§ **What you should do**
Print every line of the material below exactly as it stands, but omit the pictures.

§ **Supplied data**
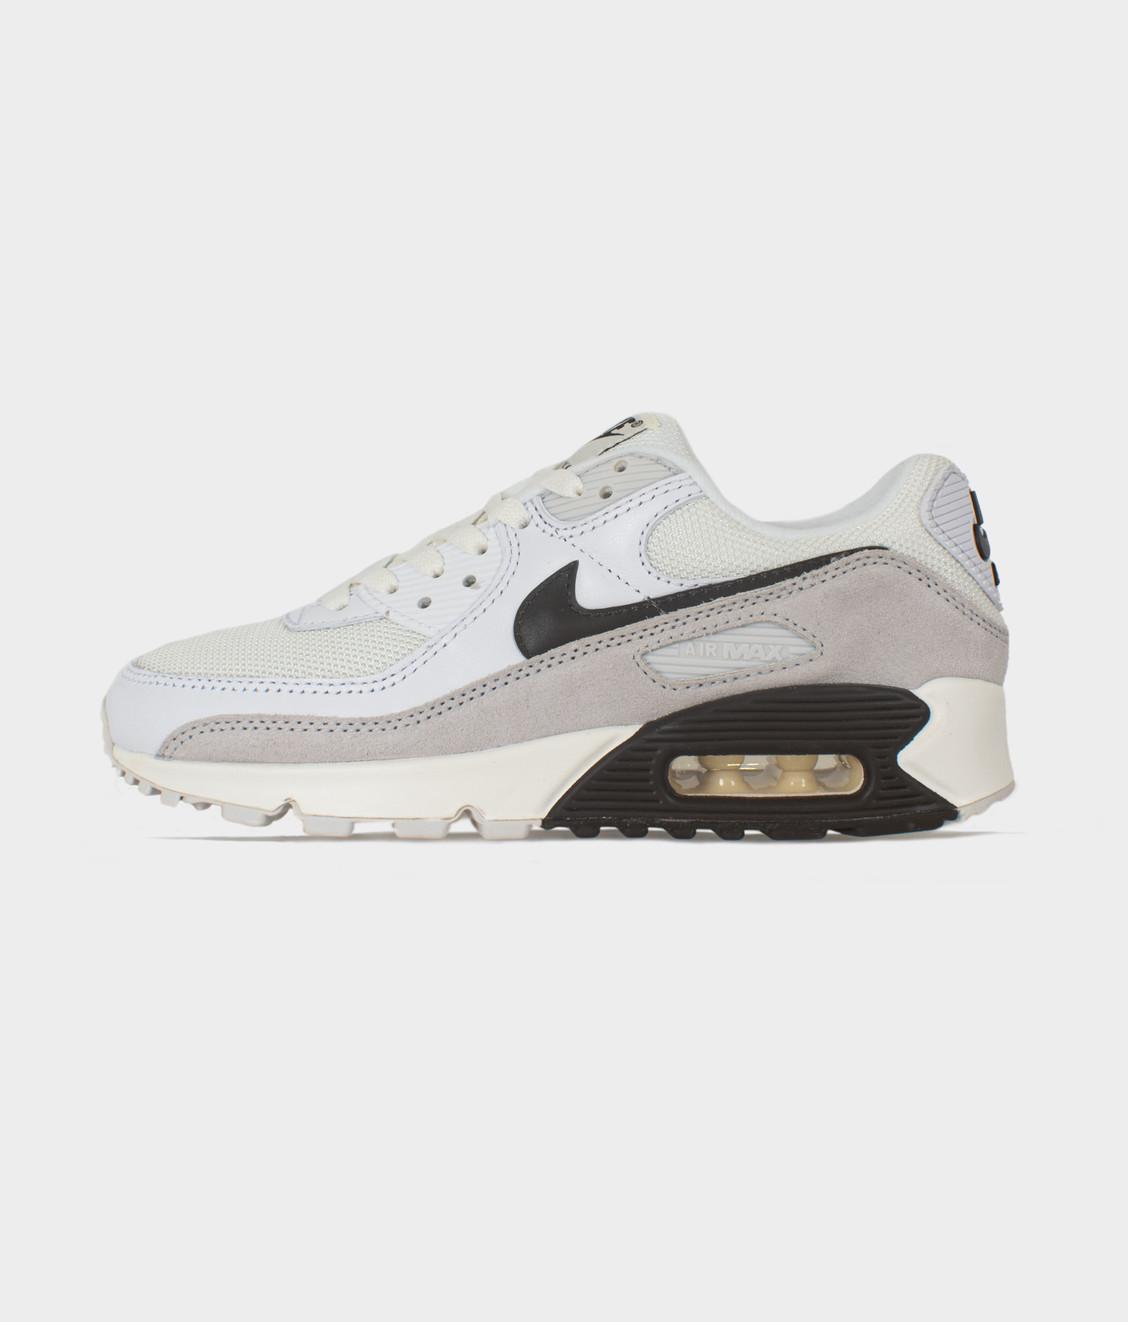 Nike Nike Air Max 90 Baroque Brown
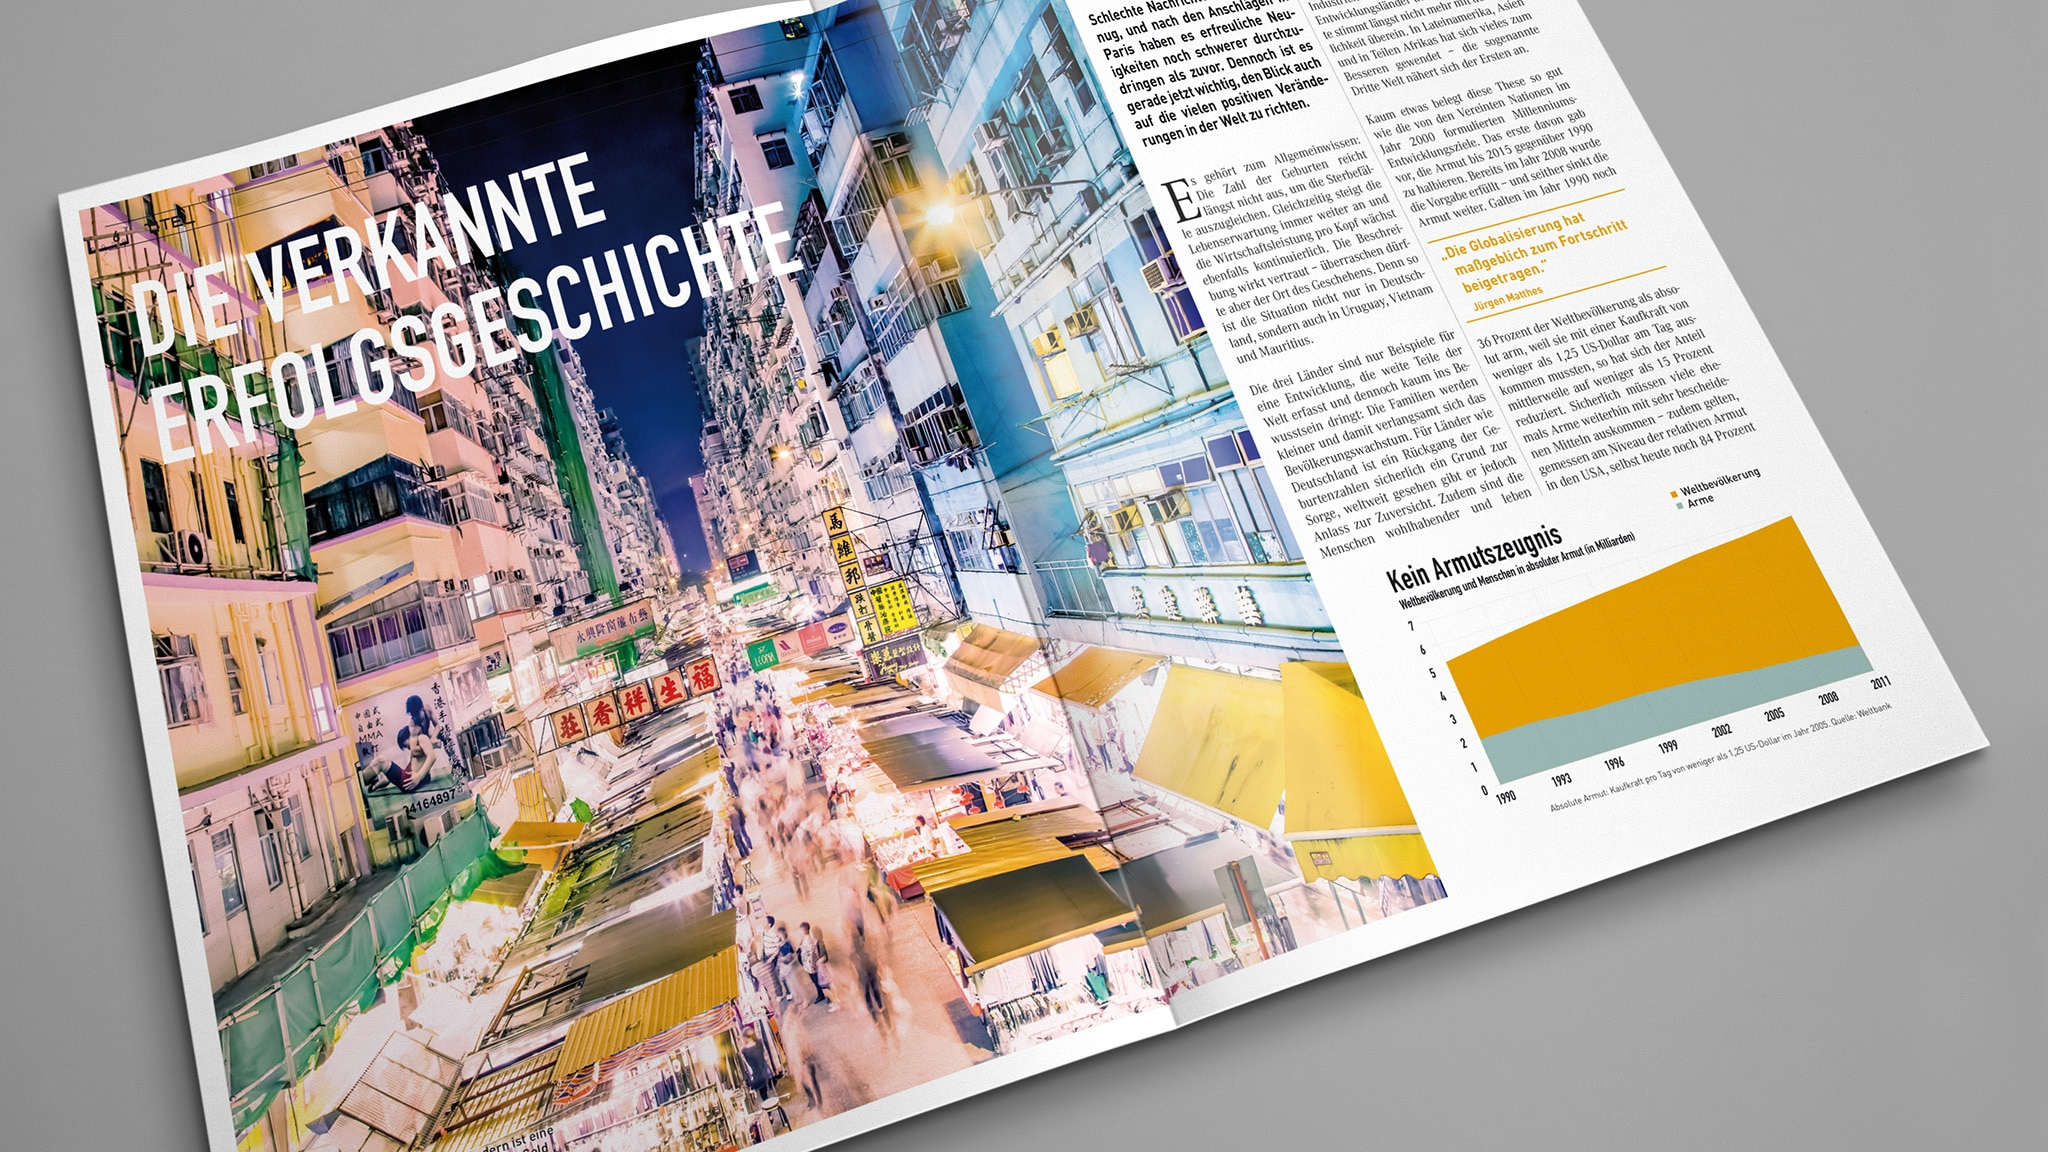 16_Magazin-21-Editorial-Design-11
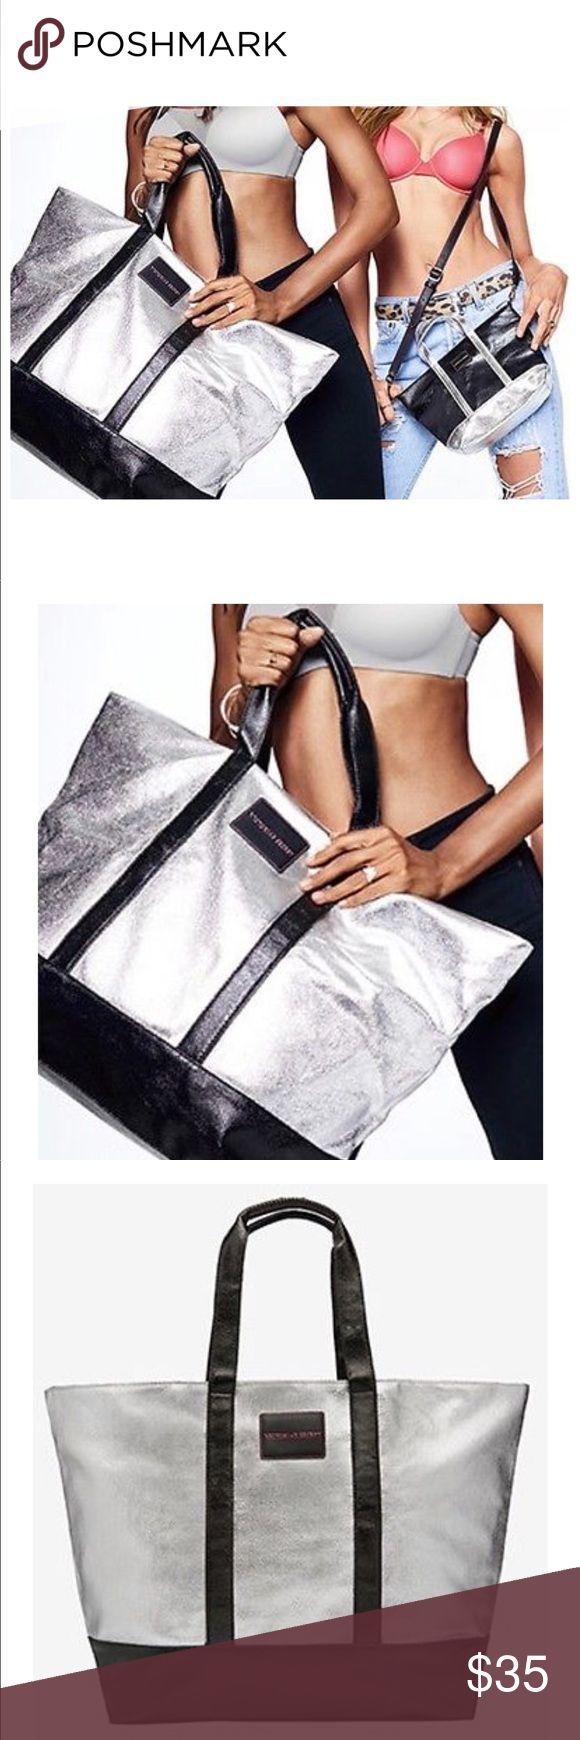 "Victoria Secret Weekender Bag Metallic silver and black Weekender Bag by Victoria Secret. The dimensions are 25"" L x 16"" W x 7"" H PINK Victoria's Secret Bags Travel Bags"

§ **Reply to the task**
 Nike Nike Air Max 90 Baroque Brown
 16_Magazin-21-Editorial-Design-11
 "Victoria Secret Weekender Bag Metallic silver and black Weekender Bag by Victoria Secret. The dimensions are 25"" L x 16"" W x 7"" H PINK Victoria's Secret Bags Travel Bags"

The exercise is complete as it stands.